Resistance to anoikis, a cell-detachment induced apoptosis, is one of the malignant phenotypes which support tumor metastasis. Molecular mechanisms underlying the establishment of this phenotype require further investigation. This study aimed at exploring protein expression profiles associated with anoikis resistance of a metastatic breast cancer cell. Cell survival of suspension cultures of non-metastatic MCF-7 and metastatic MDA-MB-231 cells were compared with their adherent cultures. Trypan blue exclusion assays demonstrated a significantly higher percentage of viable cells in MDA-MB-231 than MCF-7 cell cultures, consistent with analysis of annexin V-7-AAD stained cells indicating that MDA-MB-231 possess anti-apoptotic ability 1.7 fold higher than MCF-7 cells. GeLC-MS/MS analysis of protein lysates of MDA-MB-231 and MCF-7 cells grown under both culture conditions identified 925 proteins which are differentially expressed, 54 of which were expressed only in suspended and adherent MDA-MB-231 but not in MCF-7 cells. These proteins have been implicated in various cellular processes, including DNA replication and repair, transcription, translation, protein modification, cytoskeleton, transport and cell signaling. Analysis based on the STITCH database predicted the interaction of phospholipases, PLC and PLD, and 14-3-3 beta/alpha, YWHAB, with the intrinsic and extrinsic apoptotic signaling network, suggesting putative roles in controlling anti-anoikis ability. MDA-MB-231 cells grown in the presence of inhibitors of phospholipase C, U73122, and phospholipase D, FIPI, demonstrated reduced ability to survive in suspension culture, indicating functional roles of PLC and PLD in the process of anti-anoikis. Our study identified intracellular mediators potentially associated with establishment of anoikis resistance of metastatic cells. These proteins require further clarification as prognostic and therapeutic targets for advanced breast cancer.

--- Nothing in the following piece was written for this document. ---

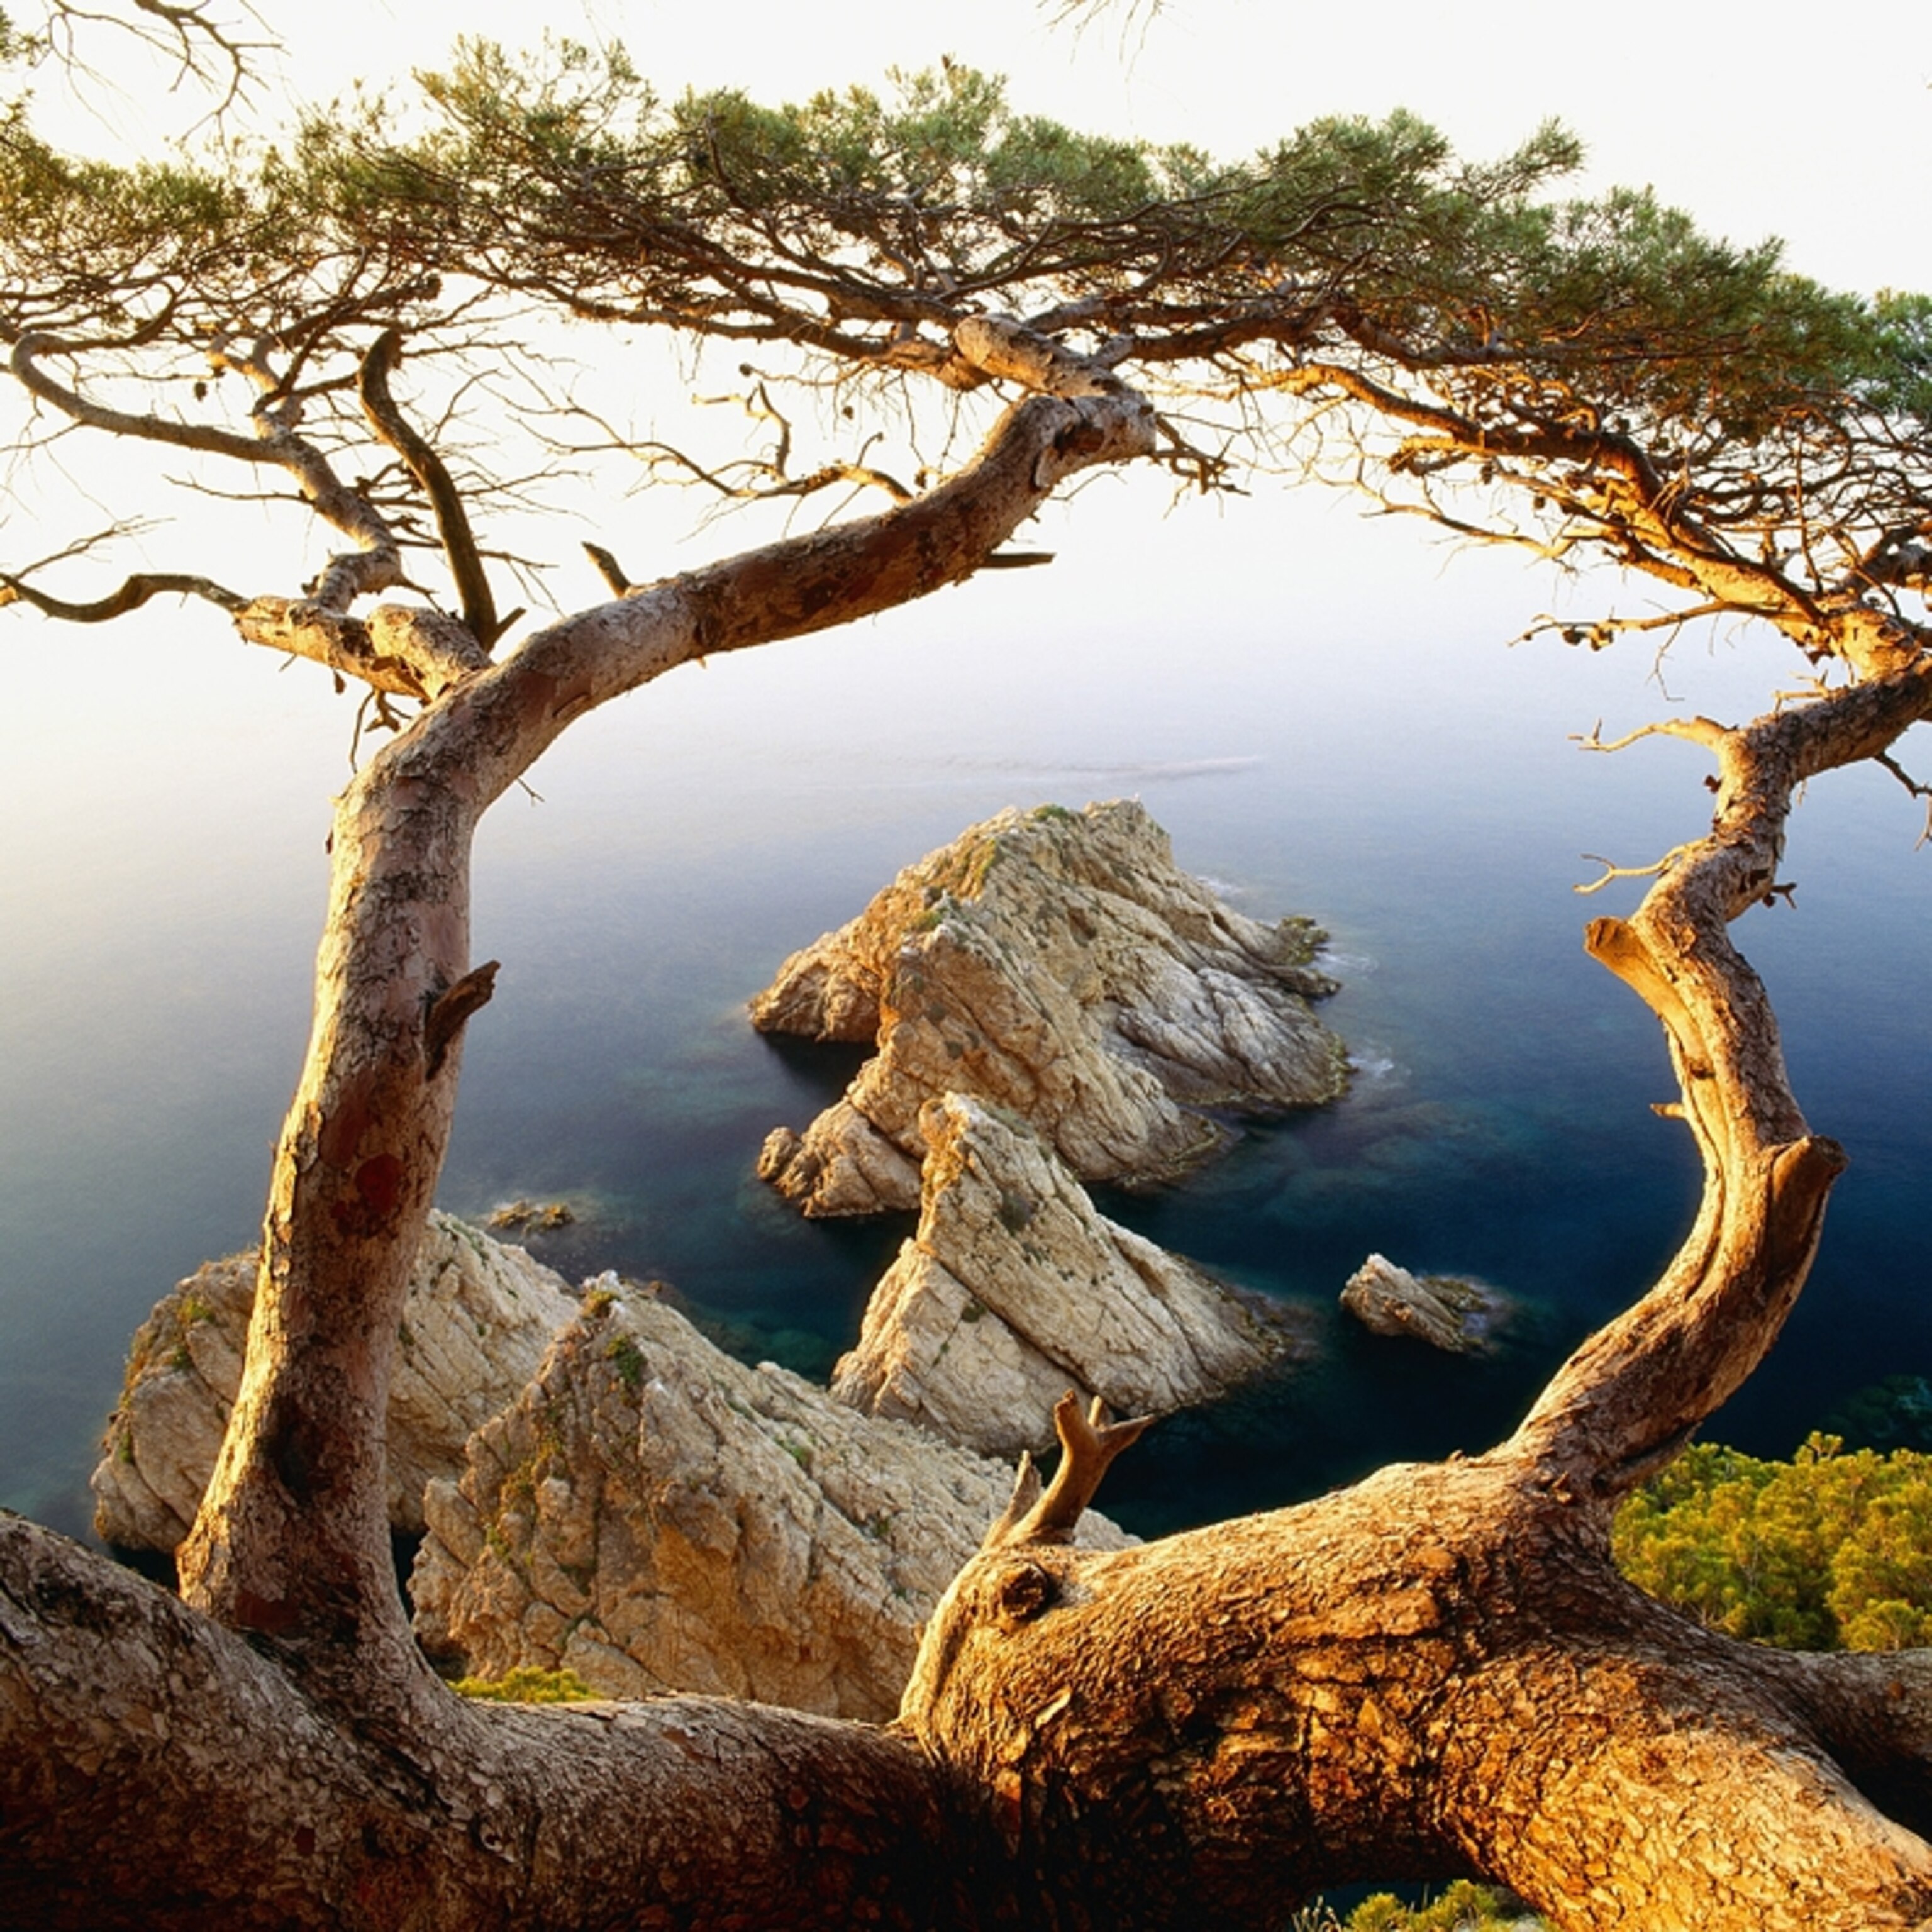 Costa Brava Photo: Best of the World - National Geographic

Anoikis resistance;MDA-MB-231;MCF-7;proteomics;GeLC-MS/MS;STITCH


Supported by : Thailand Research Fund (TRF), Commission on Higher Education (CHE)

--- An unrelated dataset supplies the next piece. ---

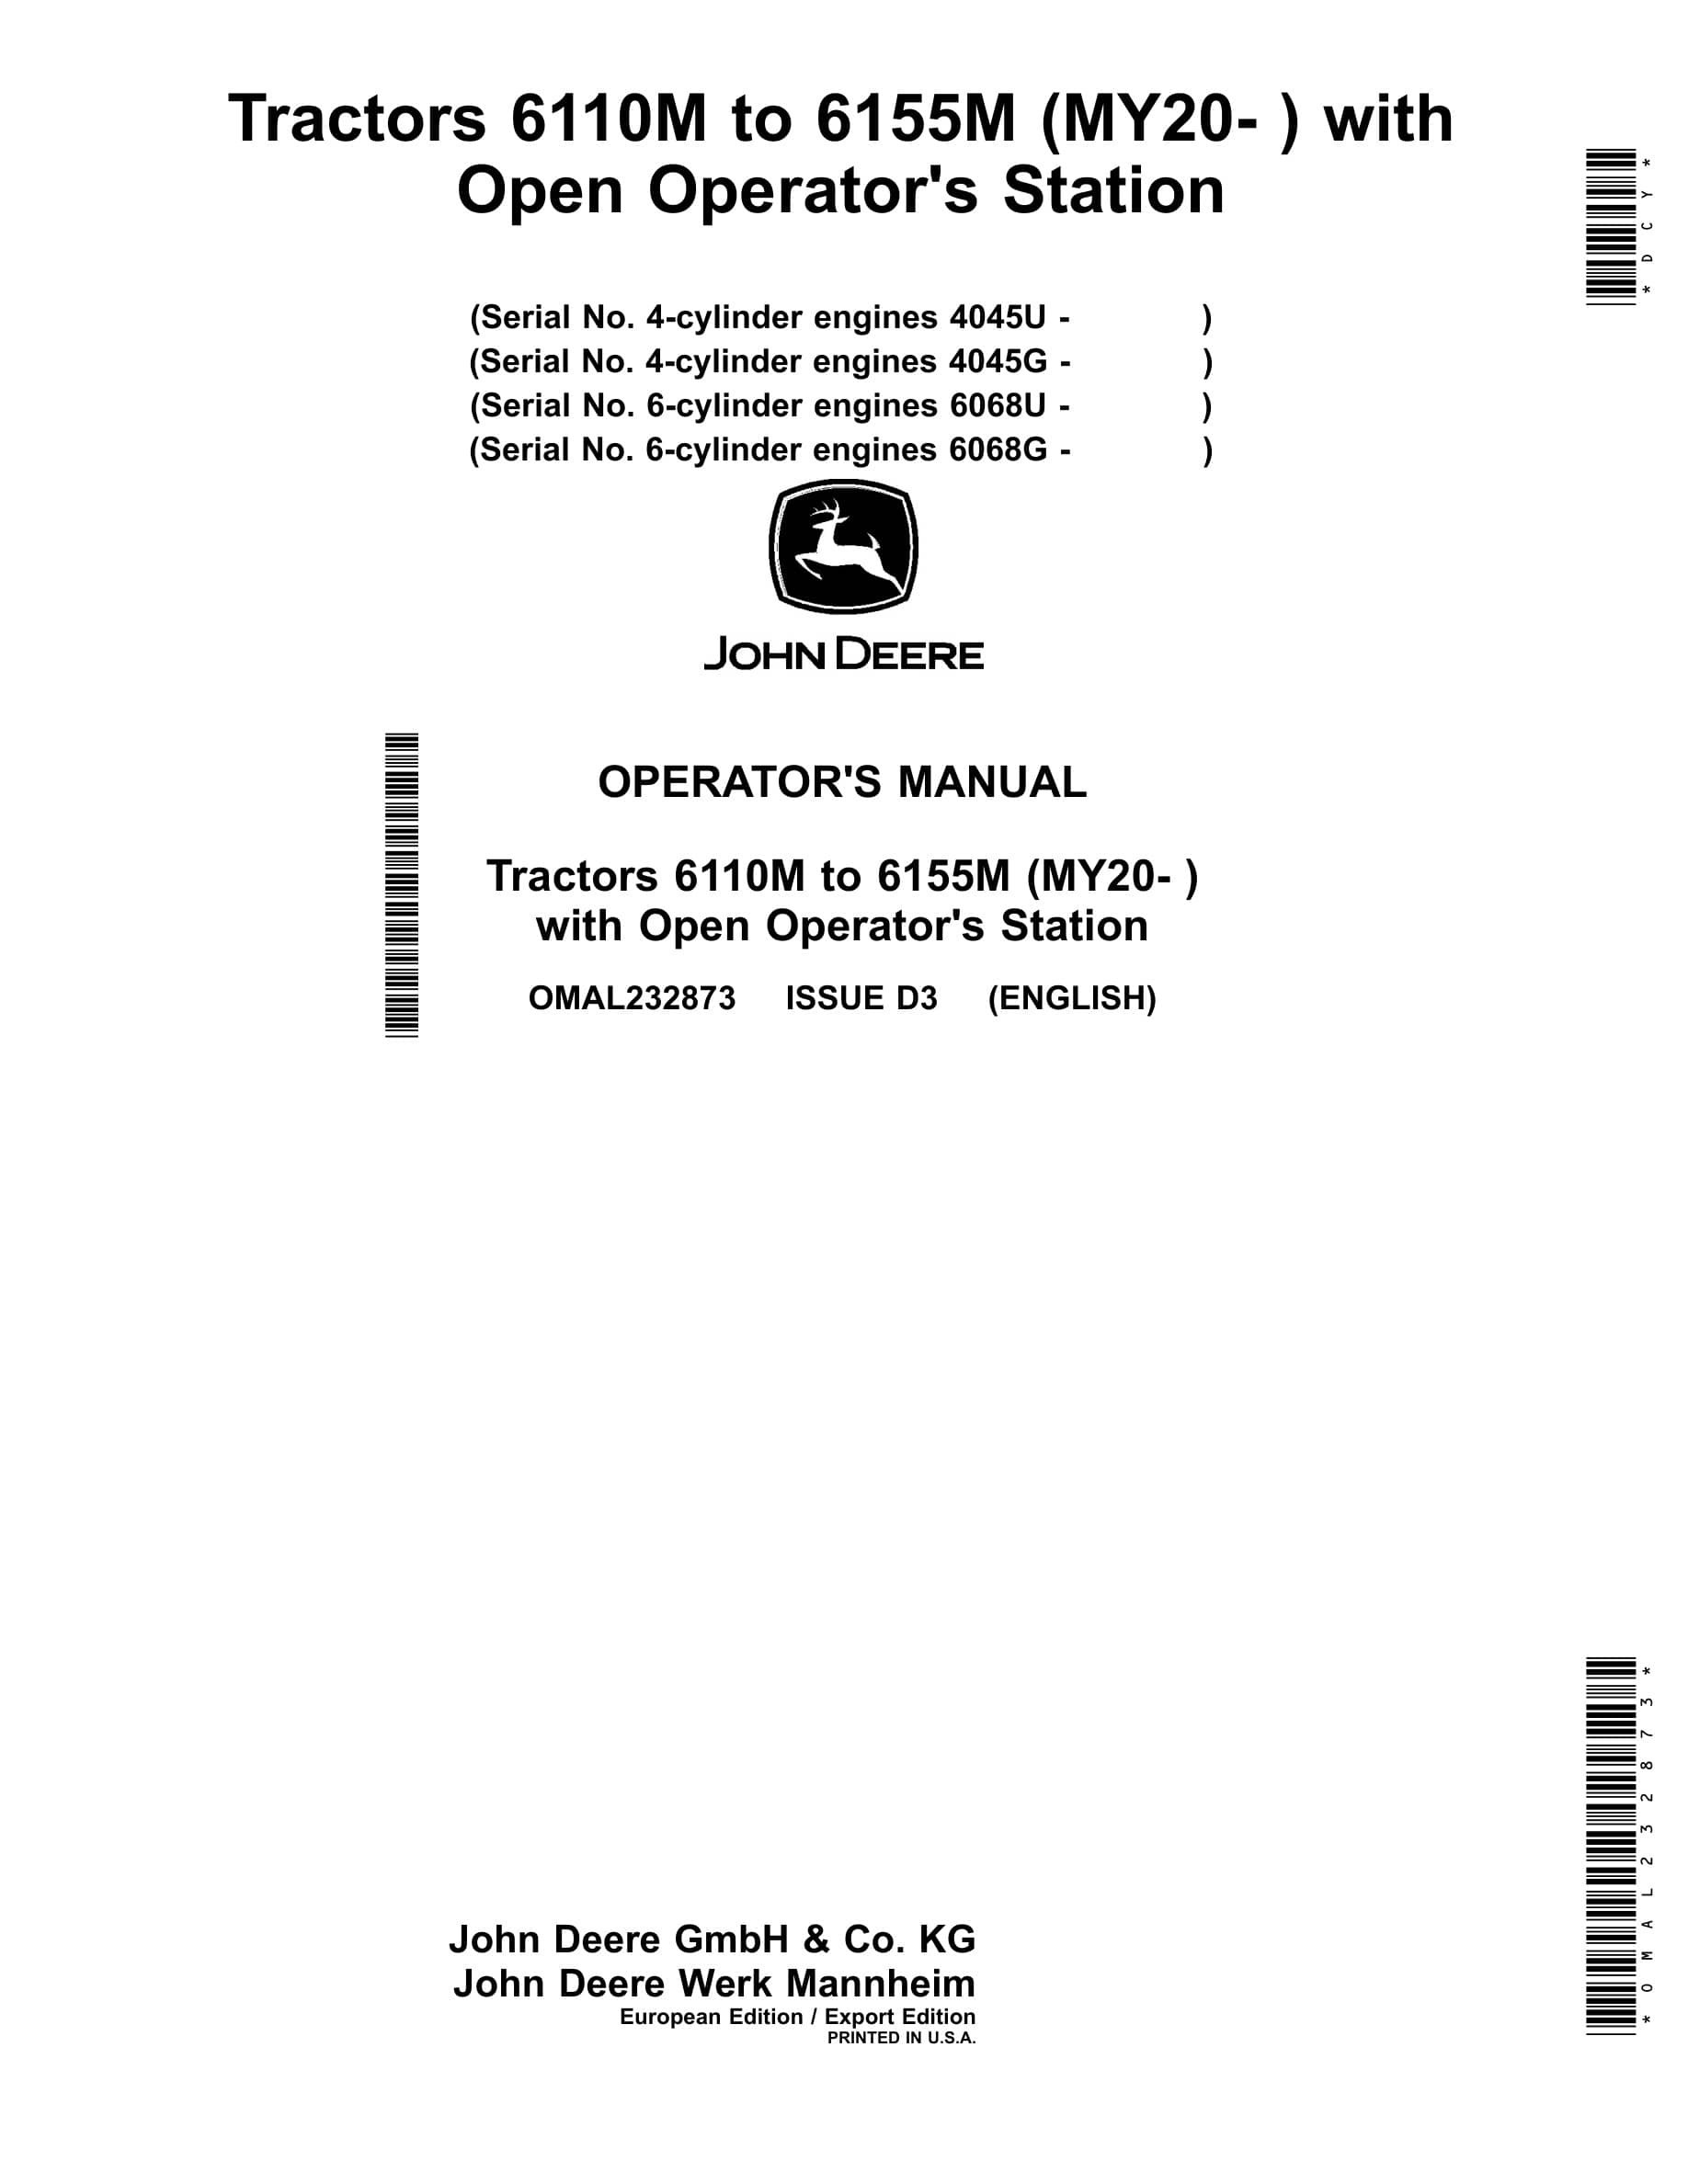 John Deere 6110m To 6155m (my20- ) Tractors Operator Manuals OMAL232873-1

  1. Abalsamo L, Spadaro F, Bozzuto G, et al (2012). Inhibition of phosphatidylcholine-specific phospholipase C results in loss of mesenchymal traits in metastatic breast cancer cells. Breast Cancer Res, 14, 50.
  2. Akekawatchai C, Holland JD, Kochetkova M, et al (2005). Transactivation of CXCR4 by the insulin-like growth factor-1 receptor (IGF-1R) in human MDA-MB-231 breast cancer epithelial cells. J Biol Chem, 280, 39701-8.

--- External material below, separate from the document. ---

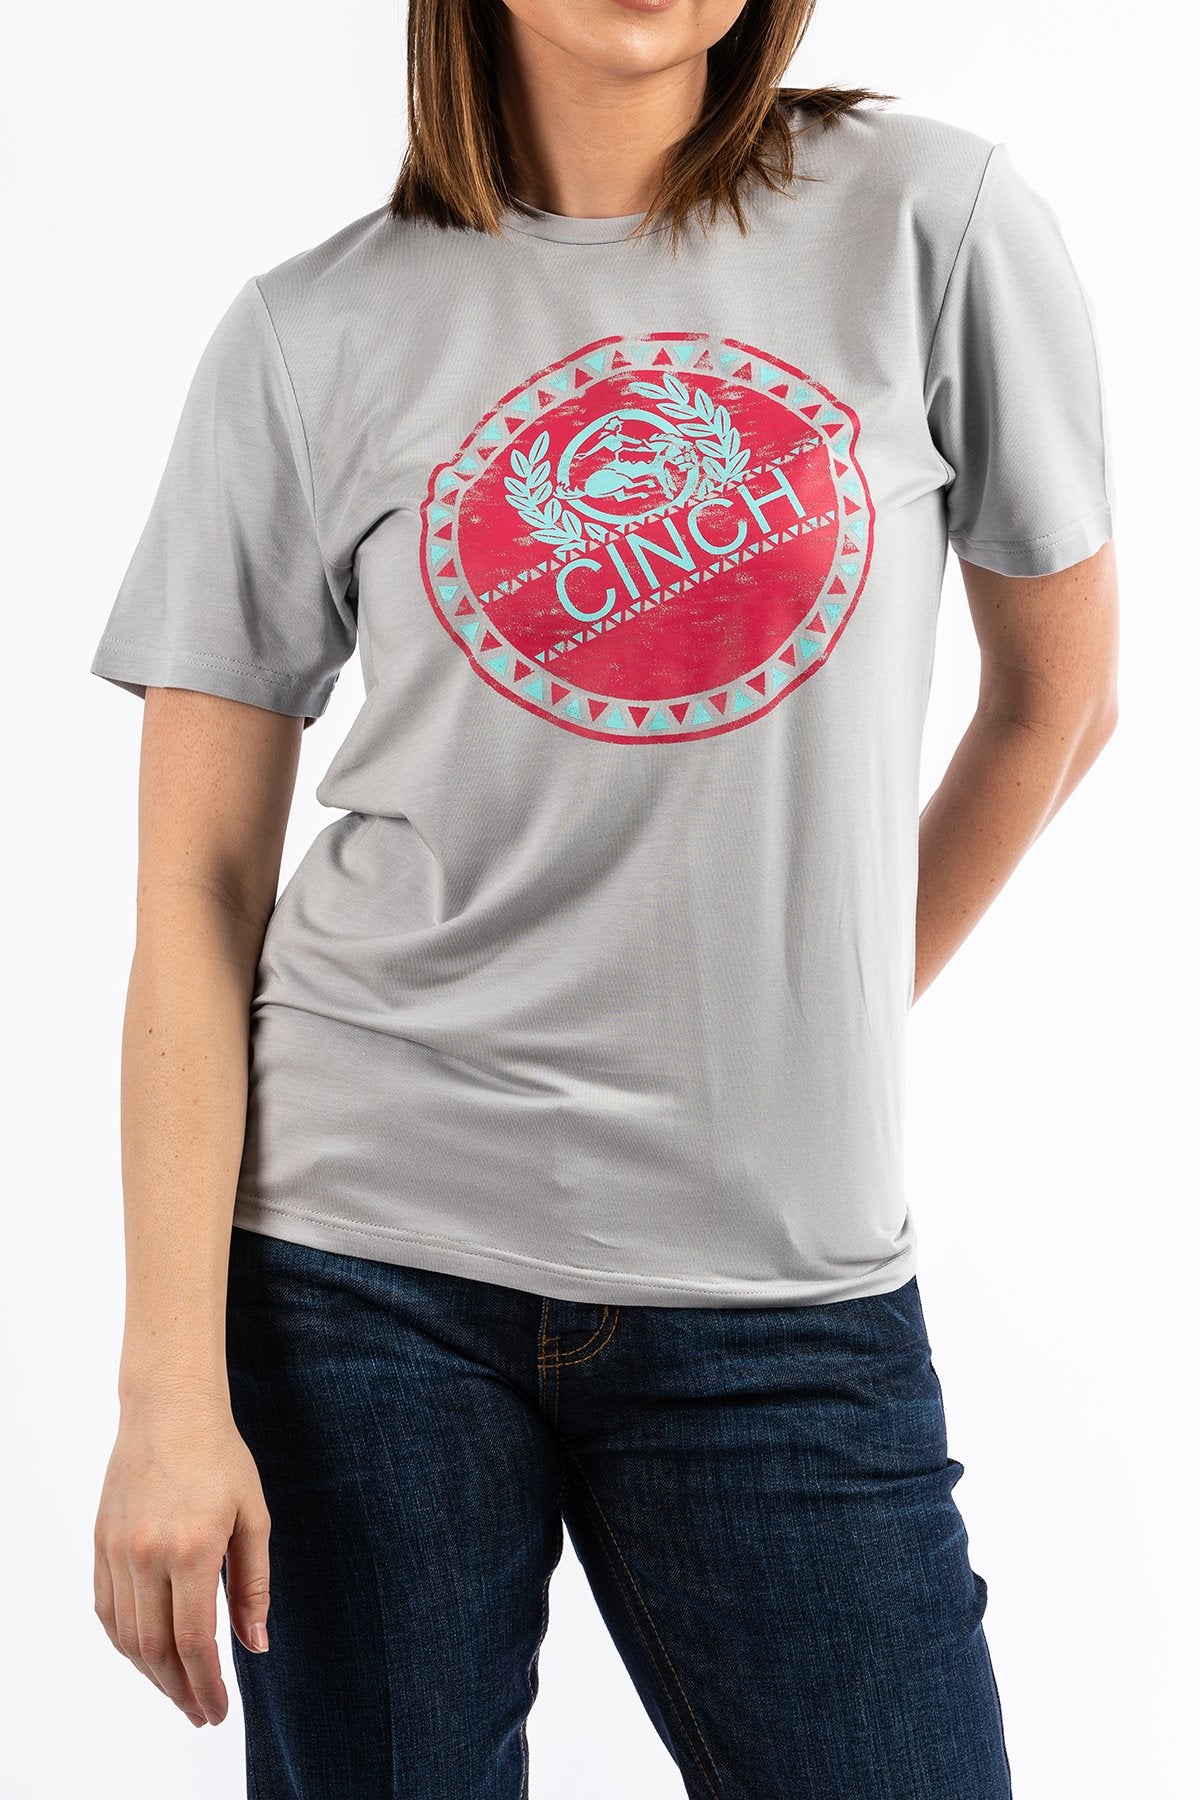 Ladies Cinch Danvers T-Shirt

  3. Bharadwaj S, Thanawala R, Bon G, et al (2005). Resensitization of breast cancer cells to anoikis by tropomyosin-1: role of Rho kinase-dependent cytoskeleton and adhesion. Oncogene, 24, 8291-303.
  4. Buchheit CL, Weigel KJ, Schafer ZT (2014). Cancer cell survival during detachment from the ECM: multiple barriers to tumour progression. Nat Rev Cancer, 14, 632-41.
  5. Chesor M, Roytrakul S, Graidist P, et al (2014). Proteomics analysis of siRNA-mediated silencing of Wilms' tumor 1 in the MDA-MB-468 breast cancer cell line. Oncol Rep, 31, 1754-60.
  6. Cui W, Zhang S, Shan C, et al (2013). microRNA-133a regulates the cell cycle and proliferation of breast cancer cells by targeting epidermal growth factor receptor through the EGFR/Akt signaling pathway. FEBS J, 280, 3962-74.
  7. Culty M, Shizari M, Thompson EW, et al (1994). Binding and degradation of hyaluronan by human breast cancer cell lines expressing different forms of CD44: correlation with invasive potential. J Cell Physiol, 160, 275-86.
  8. Eckert LB, Repasky GA, Ulku AS, et al (2004). Involvement of Ras activation in human breast cancer cell signaling, invasion, and anoikis. Cancer Res, 64, 4585-92.
  9. Fukazawa H, Uehara Y (2000). U0126 reverses Ki-ras-mediated transformation by blocking both mitogen-activated protein kinase and p70 S6 kinase pathways. Cancer Res, 60, 2104-7.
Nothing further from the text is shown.